Perote is an unincorporated community in Bullock County, Alabama, United States.

==History==

===Text from historical marker===

====Obverse====
"Perote, Bullock County"

"This community, settled during the mid-1830s, was first called Fulford's Cross Roads, then Missouri Cross Roads when a post office was established here in 1846. The name Perote, adopted in 1850, was suggested by veterans returning from the Mexican War (1846–48), who remembered a citadel in Mexico by that name. Incorporation followed in 1858. Early settlers in the area, who came primarily from the Carolinas and Georgia, included the following families: Boykin, Reeves, Sellers, Crossley, Blue, Harp, Locke, Peach, Hixon, Culver, Johnson, Adair, Ardis, McCall, Rumph, Brabham, Miles, Cameron, Starke, Wilson, Walker and Ivey. Methodist and Baptist churches were among the first structures in the community, around which much of the social life centered, including "protracted meetings" – revivals."

====Reverse====
"Perote, Bullock County"

"Perote grew rapidly in the 1850s so that by 1860 the community was thriving with several doctors, stores, a carriage factory, a Masonic lodge, and a school. At the beginning of the American Civil War (1861–65), the school numbered about 150 students. Many of the young men from the school served in the Perote Guards, organized in 1859 as war clouds gathered. They went off to war as part of the 1st Alabama Infantry Regiment with uniforms and a flag handmade by the women they left behind.

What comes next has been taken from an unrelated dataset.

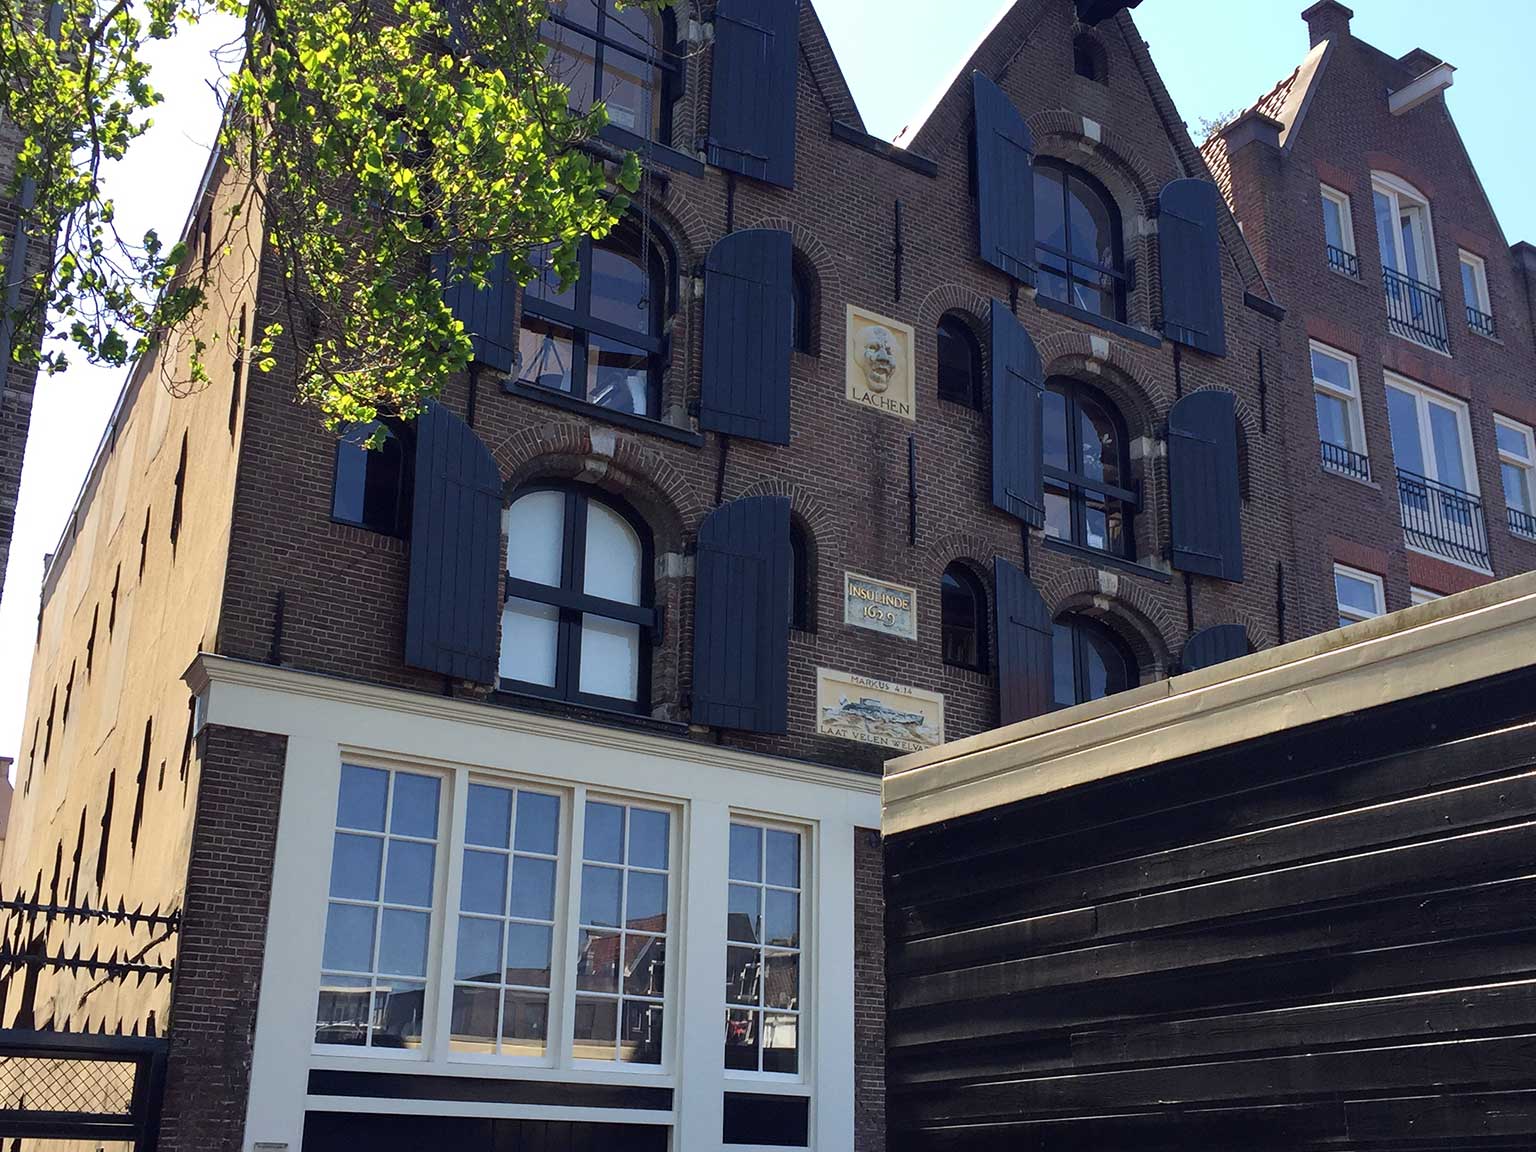 Prinseneiland 49-51, Amsterdam, renovated warehouses from 1629 with three modern gable stones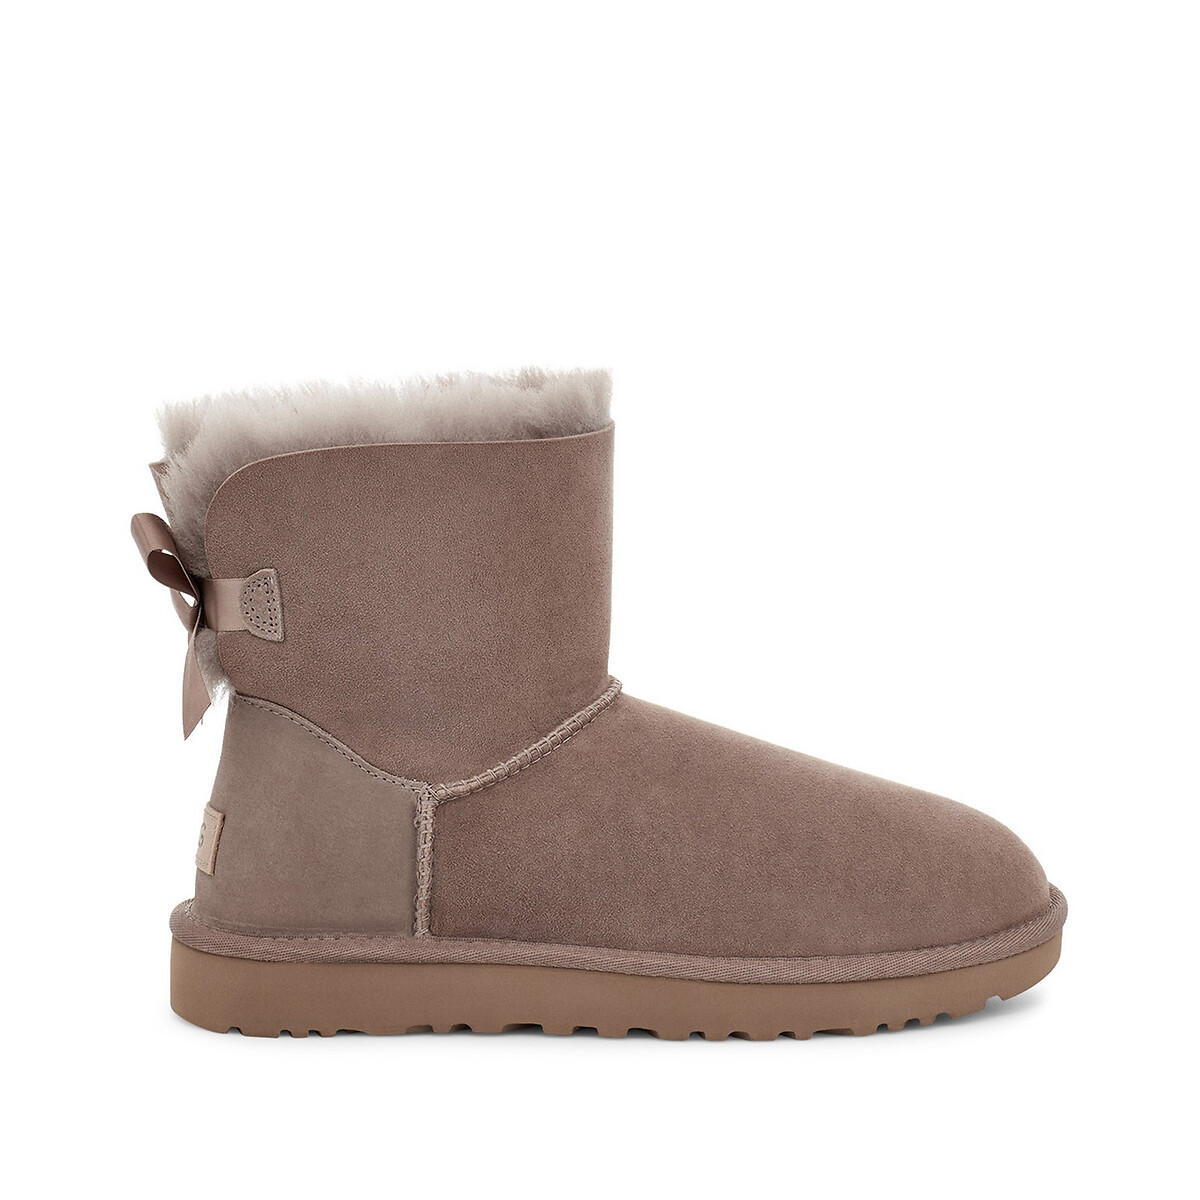 what type of fur is in uggs

The community's fortunes fell following the war as cotton cultivation, the area's traditional leading economic pursuit, receded in importance. By-passed by the railroad and experiencing several disastrous fires, Perote suffered a steady decline in business activity and population."

==Demographics==

Historical population
| Census | Pop. | Note | %± |
| 1880 | 245 |  | — |
| 1920 | 134 |  | — |
| 1930 | 143 |  | 6.7% |
U.S. Decennial Census

==See also==
- The Mexican city of Perote, Veracruz, for which Perote, Alabama, was named.